AVAILABLE DATA
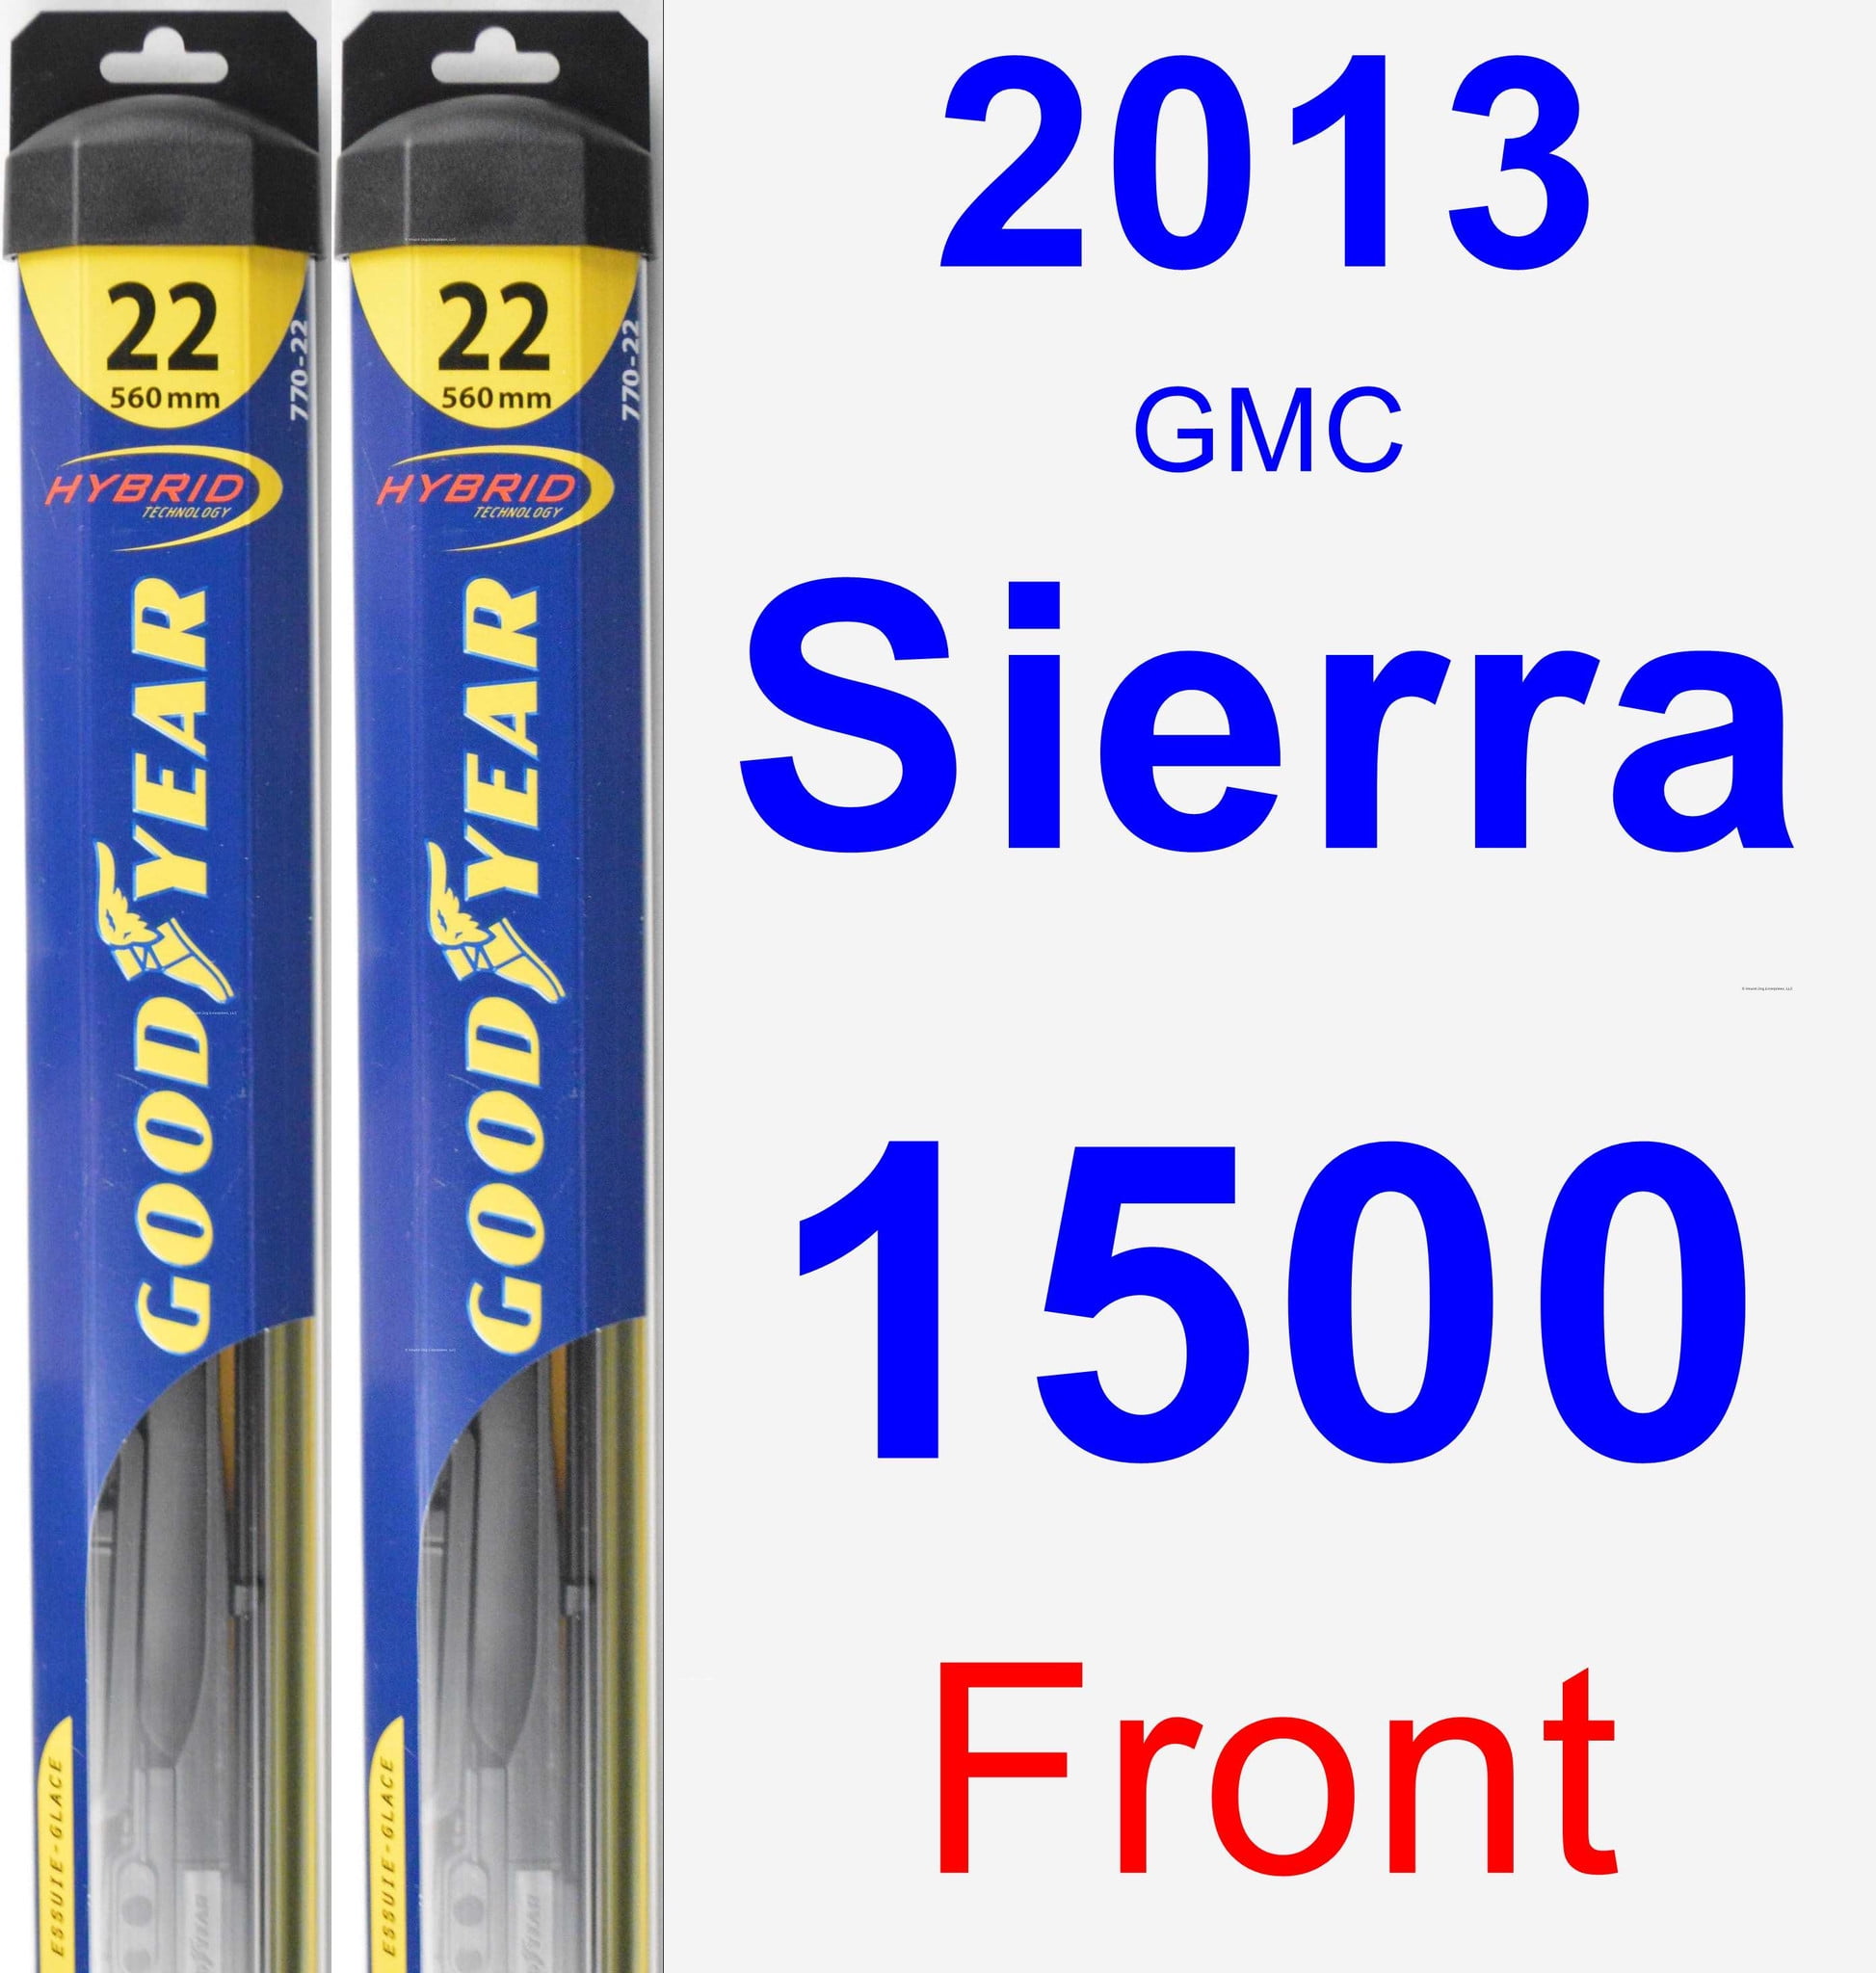 2013 GMC Sierra 1500 Wiper Blade Set/Kit (Front) (2 Blades) - Hybrid - Walmart.com - Walmart.com 2013 Gmc Sierra 1500 Wiper Blade Size
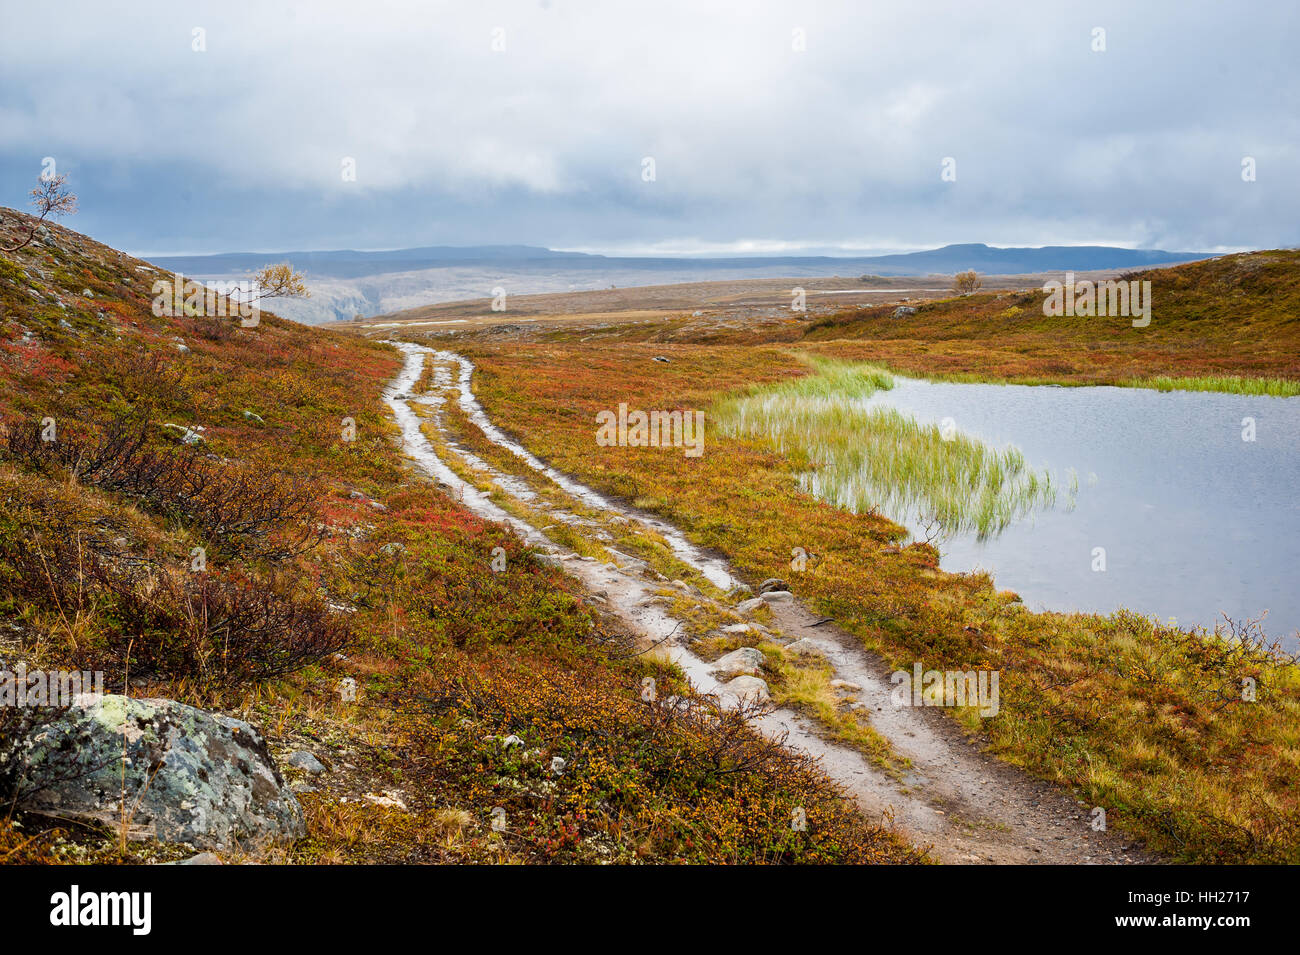 Suciedad en carretera mojada páramos suelo junto a un pequeño estanque en un desolado valle. Alta, Finnmarksvidda meseta montañosa, Noruega. Foto de stock
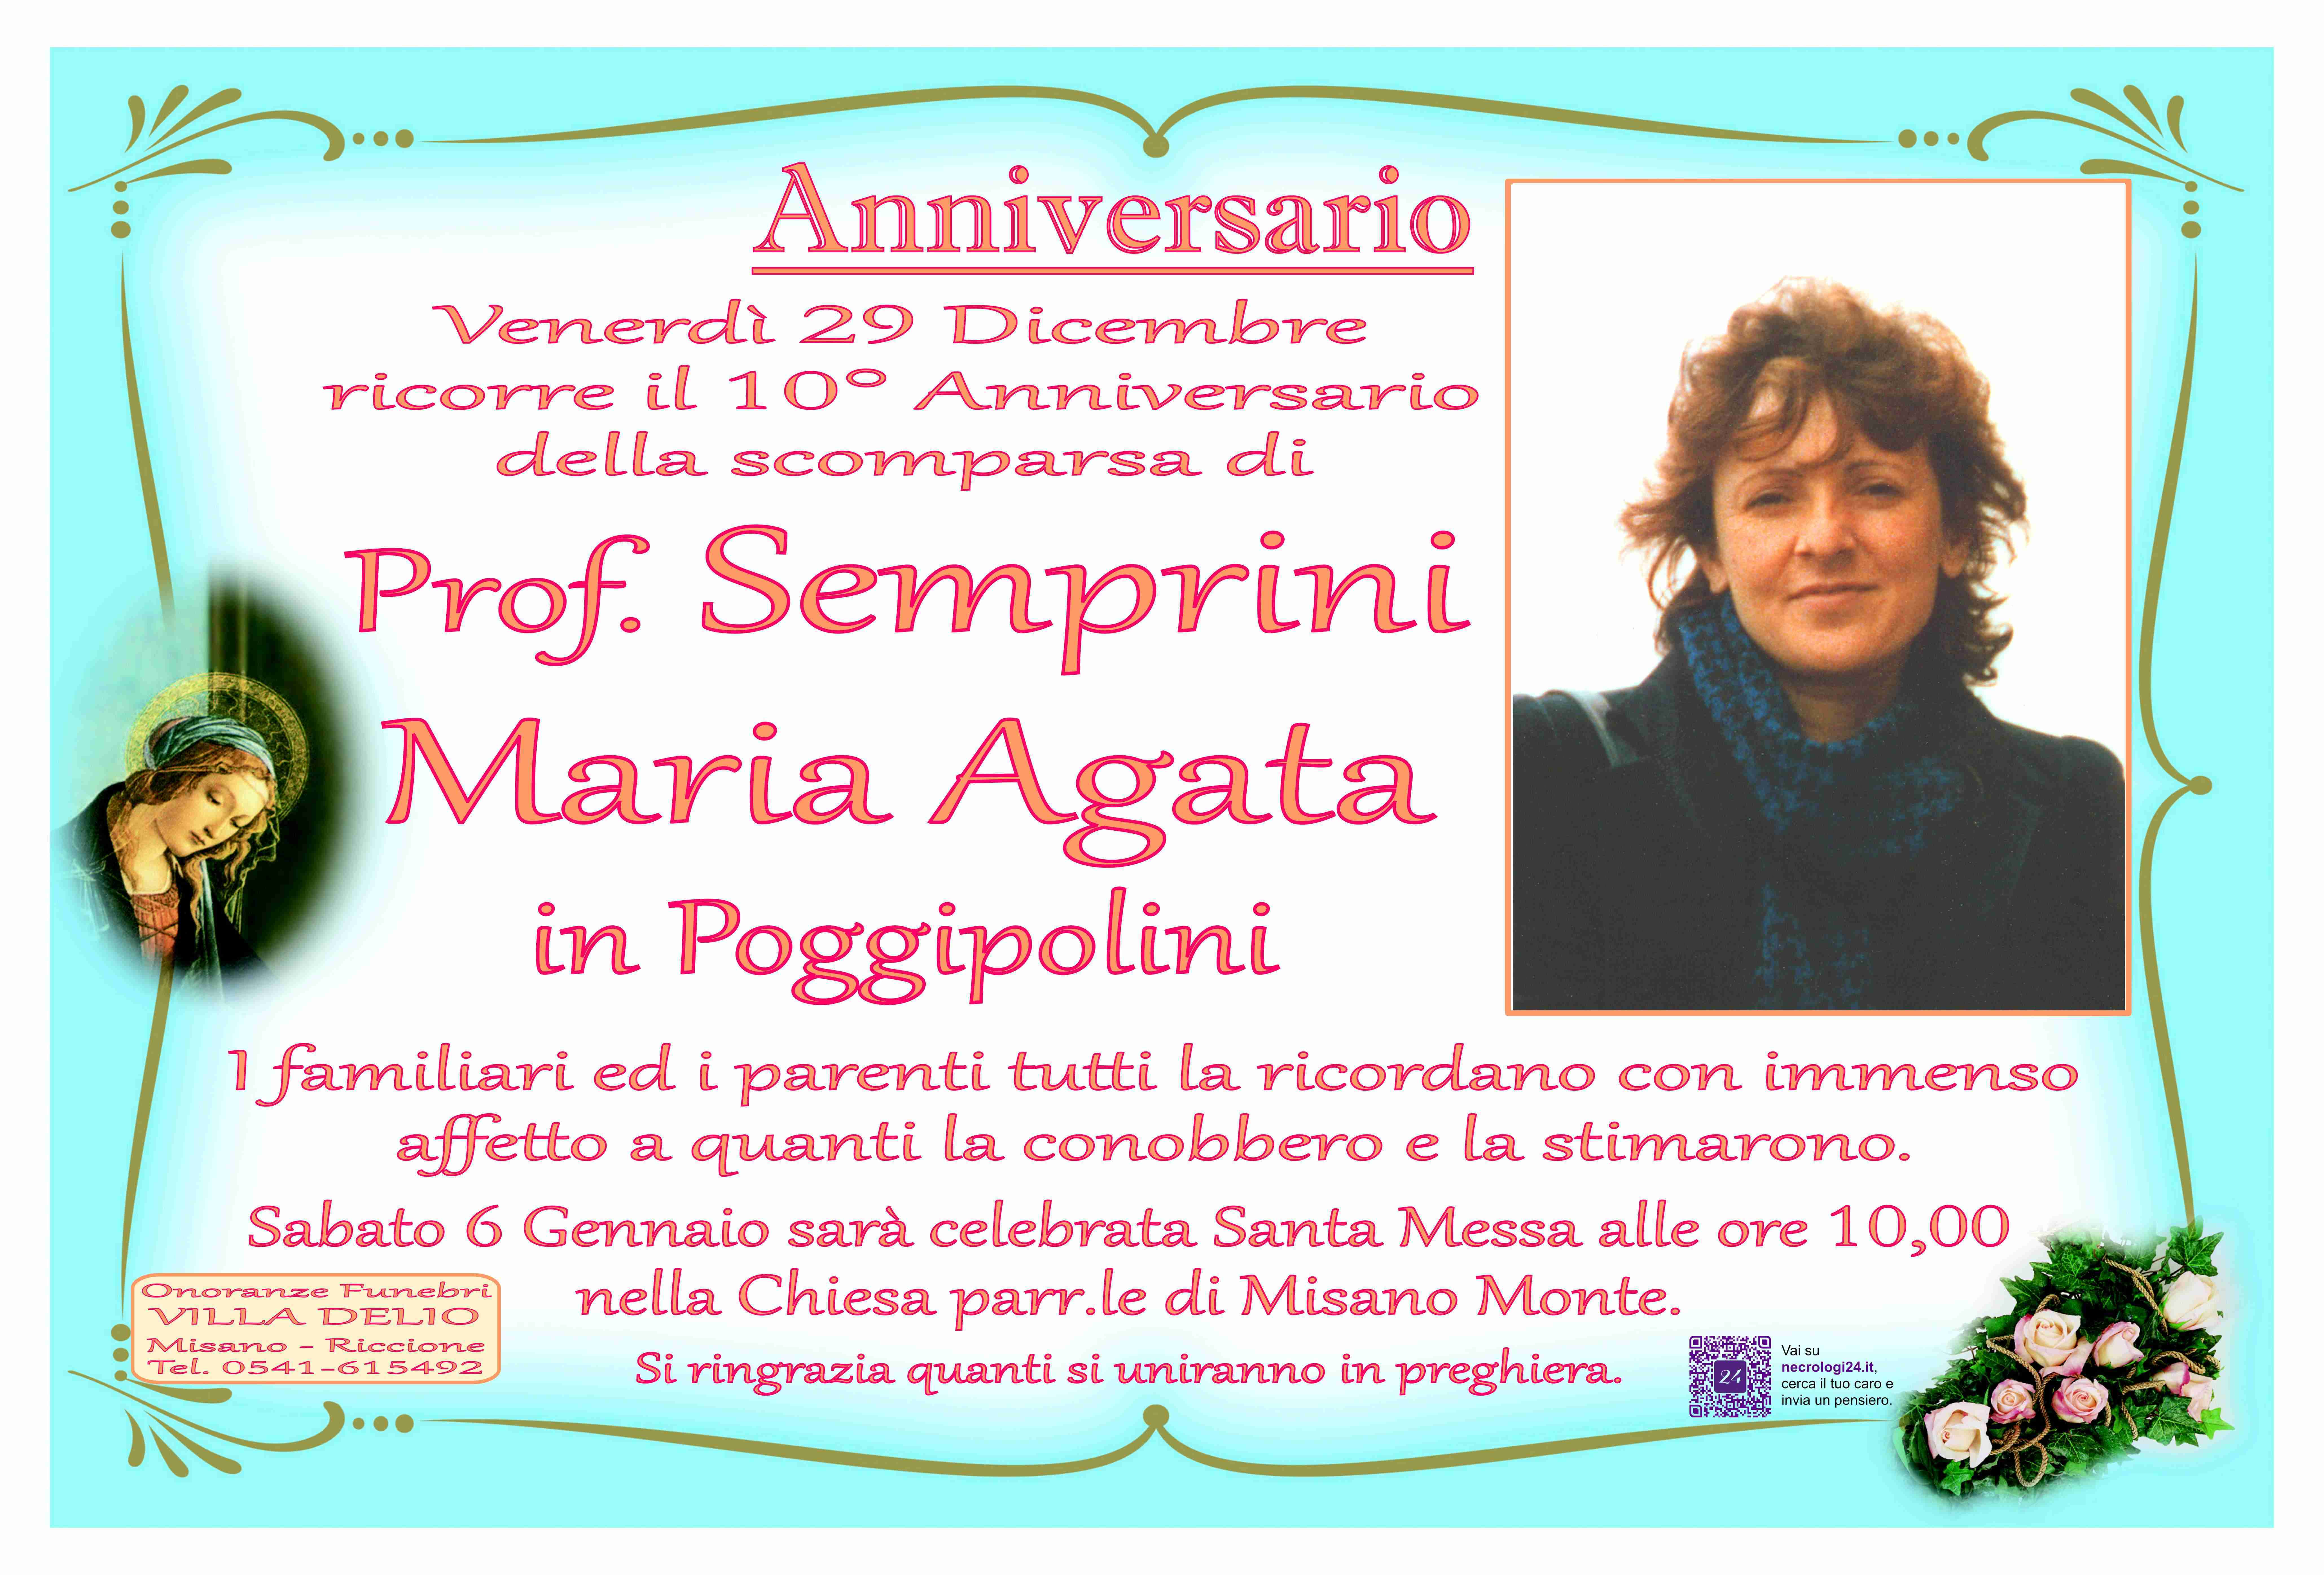 Prof. Semprini Maria Agata

PROBLEM
Exclude the pictures from the copy. Retype exactly the lines running from the one containing "Suciedad en carretera" through the last line of the listing.

WRITTEN RESPONSE
 Suciedad en carretera mojada páramos suelo junto a un pequeño estanque en un desolado valle. Alta, Finnmarksvidda meseta montañosa, Noruega. Foto de stock
 Prof. Semprini Maria Agata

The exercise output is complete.